In the near future, you’ll be able to purchase things with a swipe of your hand.
Pay-by-palm is already available at over 200 Amazon-owned Whole Foods Market stores across the country. And by year-end, all 500+ stores throughout the U.S. will offer the payment option, according to a July 20 press release.
This means customers who sign up for the Amazon One program won’t need their wallets or phones to pay for groceries.
Amazon One is a type of biometric-based form of payment which uses your unique physical features, such as your face or palm print, to authorize payments.
Here’s how it generally works: You sign up for a biometric payment program, such as Amazon One, by providing your credit or debit card information and other details like your phone number or a valid ID, depending on the retailer. Then, you scan your hand, face or fingerprints, which are attached to your user profile. From there, you can use your hand, face or fingerprints to pay at certain participating locations.

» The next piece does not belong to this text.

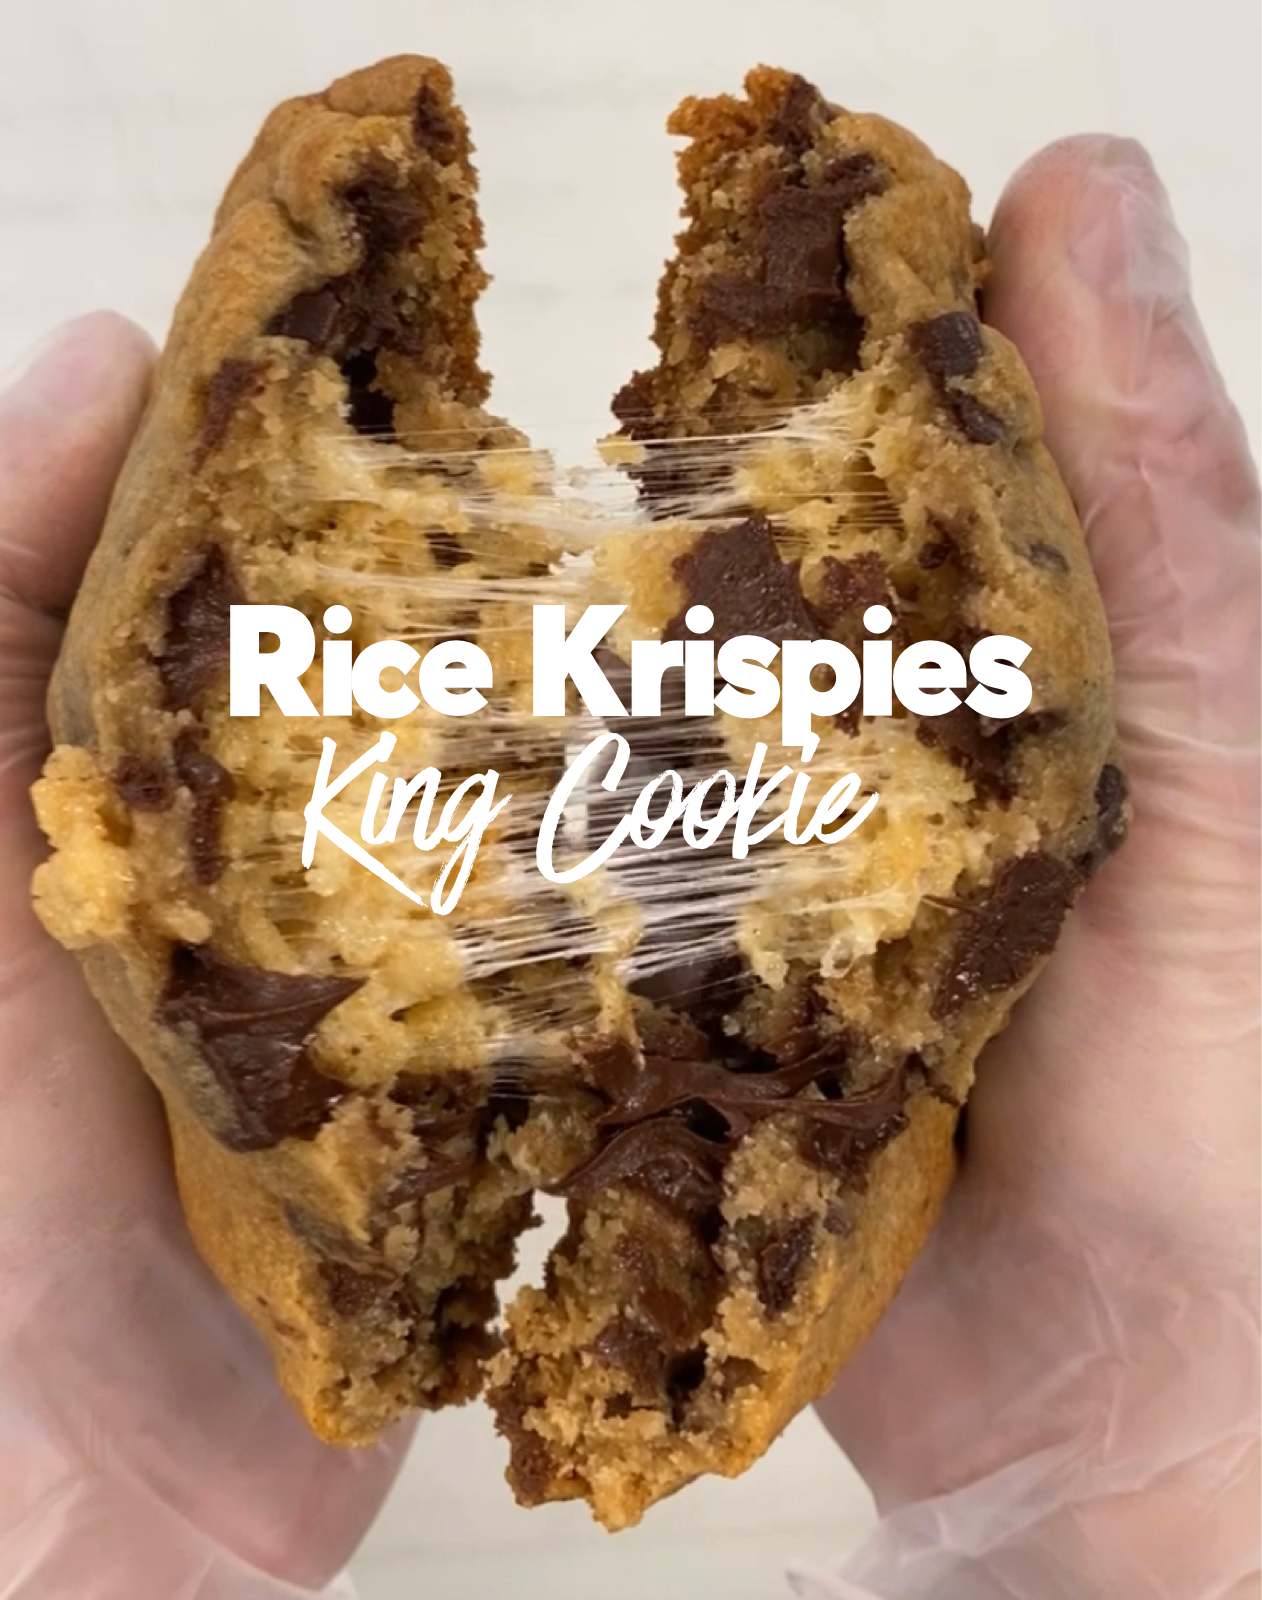 Rice Krispies King Cookie

However, some tech and cybersecurity experts are expressing concern about this evolving technology.
Why biometric-payment options spark security concerns
Since your hand or face is completely unique to you and can’t go missing in the way your credit or debit card can, some may argue that it is a more secure form of payment. But that’s not necessarily so, says Hafiz Malik, an electrical- and computer-engineering professor at the University of Michigan who researches cybersecurity.
“There needs to be countermeasures, such as liveness detection, in place to detect whether these are spoofed or impersonated identities,” he says.
To its credit, Amazon says its palm scanners use liveness-detection technology and are able to tell the difference between a live palm and a fake one.
Consumers should also be aware that the database where their biometric data is stored could potentially be hacked.
“Any time you entrust your data with a private corporation, you’re trusting that company to keep that data safe. And most of the time, you probably shouldn’t,” says Evan Greer, director of Fight for the Future, a digital-rights advocacy organization.
“Corporations have a really terrible track record of keeping our personal information safe,” she tells CNBC Make It.
While you can replace a stolen credit card or even a stolen Social Security number, it would be incredibly difficult to replace your face or palm if your biometric data is stolen, she says.
On top of that, it can be dangerous if these databases of biometric information get into the wrong hands, says Cynthia Rudin, a Duke University professor of computer science, bioinformatics and electrical and computer engineering.
“They can control you in ways you don’t like,” Rudin says. “Those data sets can be used to control us anywhere in the world, including arresting us, or preventing us from entering stores that don’t want customers in our salary bracket, or who have political views that disagree with the owners of the venues.”
It’s important to understand that your biometric information is some of the most sensitive data you create, says Greer. That’s why it’s crucial to protect it the same way you would safeguard your personal details, such as your address or Social Security number.
“It’s something everyone should care about protecting, even in this age where many people feel like they’ve given up on protecting their privacy or feel like its futile,” she says.